燃え上がる炎の中男は走り回る。守るべき人を探して。
長い事走っていると1つの部屋に到着した。部屋の扉は燃えてしまったのか崩れ落ちており。
部屋の中から幼い少女の鳴き声が聞こえている。
「 陛下!王妃様!姫様!此方ですか!? 」
男は自分に着いて来た数名の男達と共にそう叫びながら部屋に入った。
部屋の奥では。
一人の幼き少女が床に倒れ付した父と母の背に手を当て泣いていた。
男は幼き少女に近寄り床に方膝を着くようにしゃがむ。
「 陛下!王妃様! 」
男は少女を抱きかかえるとそこに倒れる二人の背に手を当て揺する。すると・・・。
「 ん・・・。あぁ。ジャスティ・・・ 」
今は半分焦げてしまったが、おそらく元は煌びやかだったであろうドレスを纏った女性が目を開けた。
「 王妃様!大丈夫ですか!?今お助け致します!おい!王妃様を! 」
「 はっ! 」
男はすぐ後ろにいる男達に命令をするが。すぐに止められた。
「 いいえ・・・無用です・・・今助けられても・・・私はもう・・・長くない・・・ 」
「 王妃様!何をおっしゃられますか!すぐ・・・ 」
男がそこまで言うと。
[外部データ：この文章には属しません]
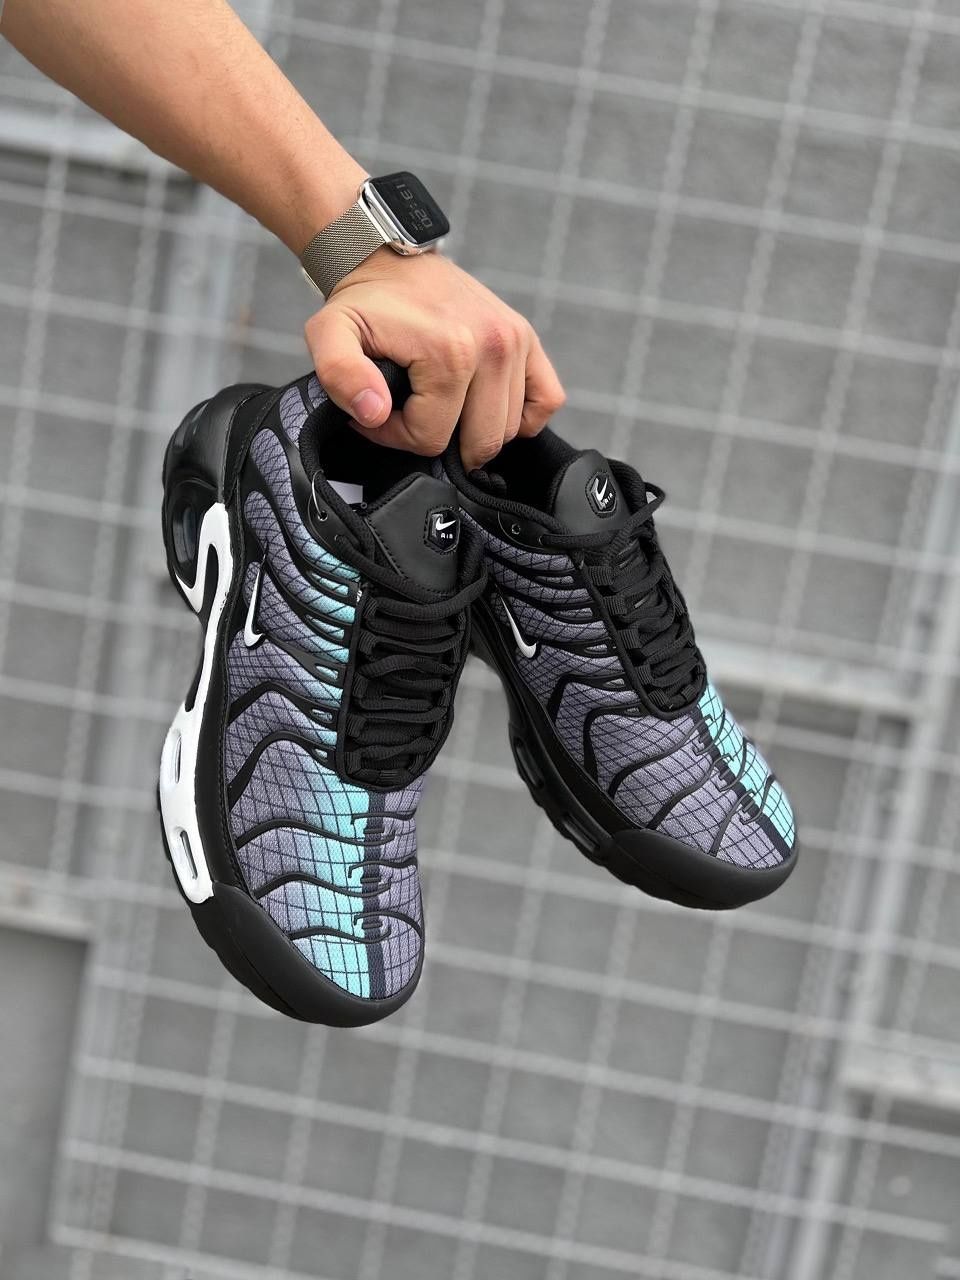 Мужские кроссовки Nike Air Max Tn Plus black&blue. Размеры 41-45

Есть

最後の力を振り絞るように王妃は叫んだ。
「 聞きなさい!ジャスティ・・・! 」
「 っつ・・・・・・・・・ 」
ジャスティと呼ばれる男が口を噤むと。王妃と呼ばれていた女性は横になった体制のままニコリと微笑みを見せた。
「 ジャスティ。陛下は亡くなり・・・私も助からないでしょう・・・。ですが。我が国にはまだその子セルティアがいます。その子が居る限り・・・我が海賊国家ルシーバ国の王家は途絶えません。お願いです。その子を、その子を守ってください。そしていつか。国を滅ぼした者を捕らえ。国の再建を・・・。頼めるのは陛下の親友である貴方だけ・・・どうか・・・どうか・・・・・・・・・ 」
そこまで言うと王妃はジャスティに抱かれているセルティアに触れ微笑む。だが、すぐにその腕は床にゆっくりとパタリと言う軽い音を立てて落ちた。
「 王妃様! 」
すぐ様呼びかけるがもう返事をされる事はなかった・・・。ジャスティは歯を噛み締めながら腕の中で泣いているセルティアの頭を撫でていると。後ろに控えていた男の一人は胸に手を当て一礼をし。もう一人は周りをキョロキョロ見ては。「船長!もう・・・やばいっすよ!」と外に出る事を促す。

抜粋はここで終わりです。